In 1903 (Stats. 1903, p. 93) subdivision 10 of section 862 of the Municipal Corporations Act was amended by substituting the words "for the purpose of revenue and regulation" for the words "for the purposes of regulation and revenue" in the original enactment. In Ex parte Jackson, 143 Cal. 564 [77 P. 457], it was held that the amendment of 1903 repealed by implication the inconsistent provision of section 3366 of the Political Code "so far as the application of such section to cities of the sixth class is concerned."

Section 3366 was amended in 1915 (Stats. 1915, p. 723) and again in 1917 (Stats. 1917, p. 279), both amendments containing the following provision: "This act shall not be deemed to repeal any act vesting municipal corporations with power to license for revenue purposes." In 1915 (Stats. 1915, p. 828) and also in 1917 (Stats. 1917, p. 1528) section 862 of the Municipal Corporations Act was amended, the amendment in each instance being approved at a later date than the approval of the amendment in the same year of section 3366. Both amendments of section 862 retained subdivision 10 thereof in the form adopted in 1903. It thus appears that the power of the trustees of a city of the sixth class to impose a license tax for the purpose of revenue has not been changed since the decision inEx parte Jackson, supra, and that case is controlling here. Counsel for appellant contend that the decision in that case is based on an erroneous interpretation of the law, but no sufficient reason is advanced to support the contention.

In Ex parte Johnson, 47 Cal.App. 465 [190 P. 852], it was held that a city may impose a license tax for carrying on the business of a lawyer at a fixed place of business. In Ex parteGalusha, 184 Cal. 697 [195 P. 406], the supreme court reached the same conclusion. It must be held that the same rule applies to a physician and surgeon.

[2] The complaint alleges that the "defendant was and now is a doctor practicing medicine and having his office and principal place of business in the city of Redding." Appellant argues that the allegation as to place of business is not the equivalent of a "fixed place of business." The *593 criticism is hypercritical. The defendant testified that he has a large practice; that he receives patients at his residence and performs operations there; that he regularly keeps patients at his residence for treatment when they require close observation; that there is no room in his residence designated as an office, but that he treats his patients in the living-room; that he treats most of his patients at their homes.

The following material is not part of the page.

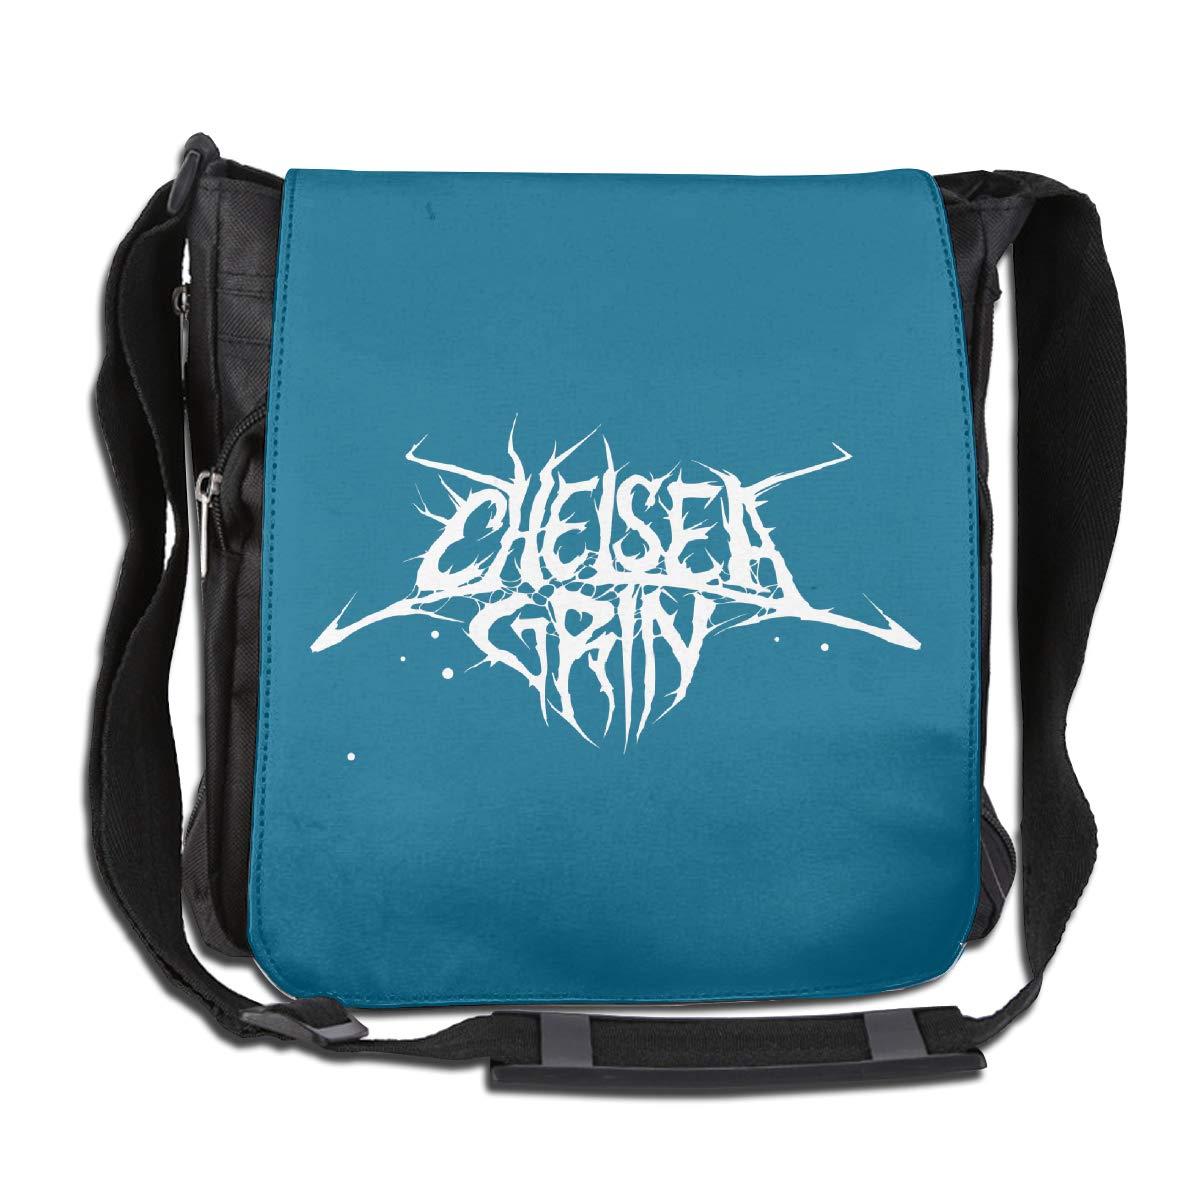 Chelsea Grin Shoulder Bag For All-Purpose Use Messenger Bag

The foregoing evidence, coming from the defendant, conclusively shows that he has a fixed place of business and that the alleged defect in the complaint, if conceded to be a defect, could not have prejudiced the defendant's rights.

The judgment is affirmed.

Burnett, J., and Hart, J., concurred.

A petition to have the cause heard in the supreme court, after judgment in the district court of appeal, was denied by the supreme court on April 24, 1922.

All the Justices concurred.

Waste, J., was absent and Richards, J., pro tem., was acting.